Now, if we are talking about mixing and matching other brands, that is just plain hack.


----------



## user4818 (Jan 15, 2009)

Shockdoc said:


> Murray is Siemens cheap knock off brand.


The only difference on the breakers is the name. The panels are slightly different but still share many of the same features.


----------



## Shockdoc (Mar 4, 2010)

Peter D said:


> The only difference on the breakers is the name. The panels are slightly different but still share many of the same features.


Siemens usually sports a copper bus and bus length neutral bars.


----------



## user4818 (Jan 15, 2009)

Shockdoc said:


> Siemens usually sports a copper bus and bus length neutral bars.


Yeah. And Siemens has the neutral terminals backed out and they are square drive. Murray still uses old fashioned straight blade neutral bar terminals.


----------



## doubleoh7 (Dec 5, 2009)

Peter D said:


> The only difference on the breakers is the name. The panels are slightly different but still share many of the same features.


 

I thought they were cousins. I was having second thoughts. I would hate to burn up someone's bussbar. The panel was hackorama,maybe ten years old. I asked the customer, (HO's son) who wired the home? He said, well the guys that did it weren't really electricians. I laughed out loud and said "yeah, I can tell".:laughing:


----------



## Mike_586 (Mar 24, 2009)

There's a few lists out there. A quick Google search brought up this list.

Its a PDF file by the way.


----------



## doubleoh7 (Dec 5, 2009)

Mike_586 said:


> There's a few lists out there. A quick Google search brought up this list.
> 
> Its a PDF file by the way.


 
I need to print that off and keep it in the trailer.


----------



## HARRY304E (Sep 15, 2010)

Peter D said:


> Well technically, Siemens and Murray are not interchangeable despite being absolutely identical. I still interchange them anyway.
> 
> Now, if we are talking about mixing and matching other brands, that is just plain hack.


Yes they are..


Murray and Siemens are the same.


Murray = Chevy

Seimens =Cadillac


----------



## HARRY304E (Sep 15, 2010)

Peter D said:


> Yeah. And Siemens has the neutral terminals backed out and they are square drive. Murray still uses old fashioned straight blade neutral bar terminals.
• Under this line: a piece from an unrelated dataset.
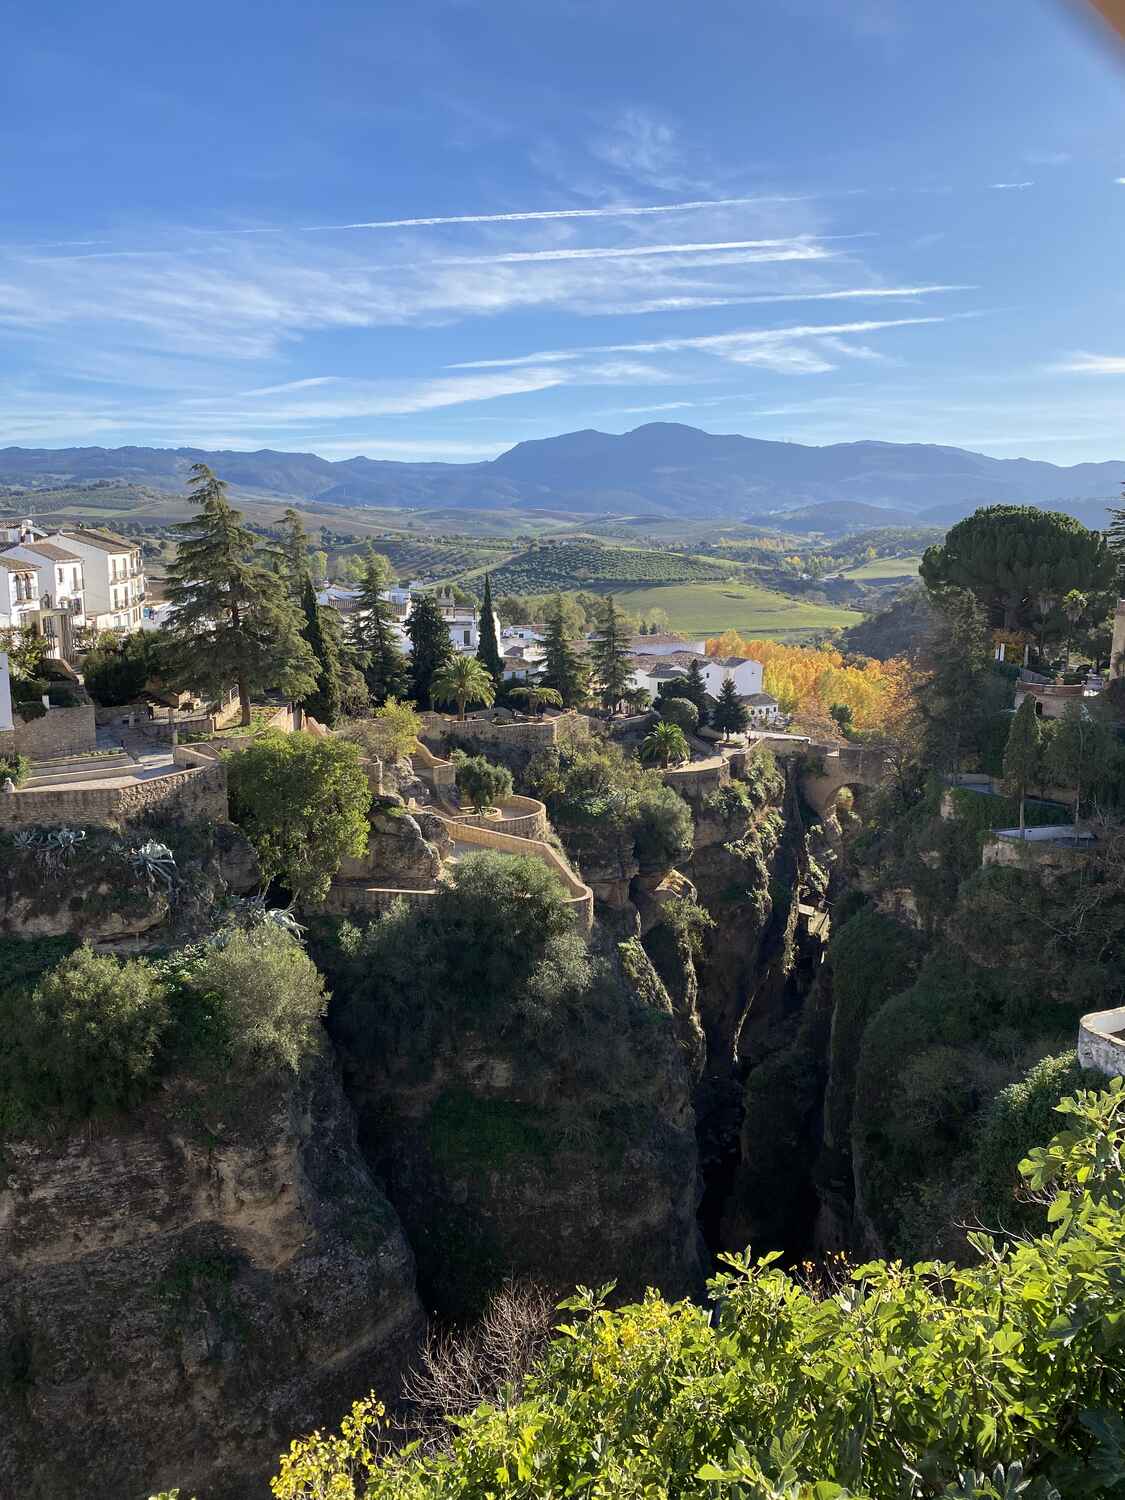 views at the Mirador de Aldehuela in Ronda

Murray has not use the straight blade neutral bar terminals for a long time now..


----------



## user4818 (Jan 15, 2009)

HARRY304E said:


> Yes they are..
> 
> 
> Murray and Siemens are the same.
> ...


So if they are the same, why is one a Chevy and one a Cadillac? :blink:


----------



## HARRY304E (Sep 15, 2010)

Peter D said:


> So if they are the same, why is one a Chevy and one a Cadillac? :blink:


Top Shelf

Bottom Shelf....


----------



## user4818 (Jan 15, 2009)

Harry --------->:drink:


----------



## MDShunk (Jan 7, 2007)

Every once in a while you'll get Seimens breakers in Murray packages, and vice-versa. More and more, I favor carrying a classified-replacement breaker on the truck (generally from CH), rather than carrying so many odd brands for service calls. If I'm doing a project where I KNOW I'll be using a bunch of a certain brand, I'll buy that brand particular for that panel. For service work, I just use a type CL breaker, unless I happen to have the right one kicking around on the truck.


----------



## HARRY304E (Sep 15, 2010)

Peter D said:


> Harry --------->:drink:



Too comlpicated for you ehh pete..:laughing::laughing:


----------



## RePhase277 (Feb 5, 2008)

Like Marc said, I only carry three types of breaker generally. Cutler Hammer CH, Square D QO, and Cutler Hammer CL.

If I'm doing a remodel or new work I'll get the brand breakers, but there is no reason to not have a case or two of the CL breakers on board.


----------



## user4818 (Jan 15, 2009)

HARRY304E said:


> Too comlpicated for you ehh pete..:laughing::laughing:


Not quite. You don't make any sense. The breakers are identical and the panels nearly identical. I don't see how one is Cadillac and one is a Chevy. They are both a Chevy.


----------



## user4818 (Jan 15, 2009)

I carry most Homeline since that is my main brand, followed by Cutler Hammer (since I run into a lot of Bryant, Challenger, Westinghouse, T&B and C-H panels) as well as a few boxes of mixed Siemens/Murray stuff. I really should mix it up with some CL though.


----------



## oldtimer (Jun 10, 2010)

Peter D said:


> Not quite. You don't make any sense. The breakers are identical and the panels nearly identical. I don't see how one is Cadillac and one is a Chevy. They are both a Chevy.


 I totally agree with you. *But* Little Dog knows best!!


----------



## RePhase277 (Feb 5, 2008)

Peter D said:


> Not quite. You don't make any sense. The breakers are identical and the panels nearly identical. I don't see how one is Cadillac and one is a Chevy. They are both a Chevy.


A more apt analogy would be one is Chevy, one is GMC.


----------



## user4818 (Jan 15, 2009)

InPhase277 said:


> A more apt analogy would be one is Chevy, one is GMC.


Right. Good point. :thumbsup:


----------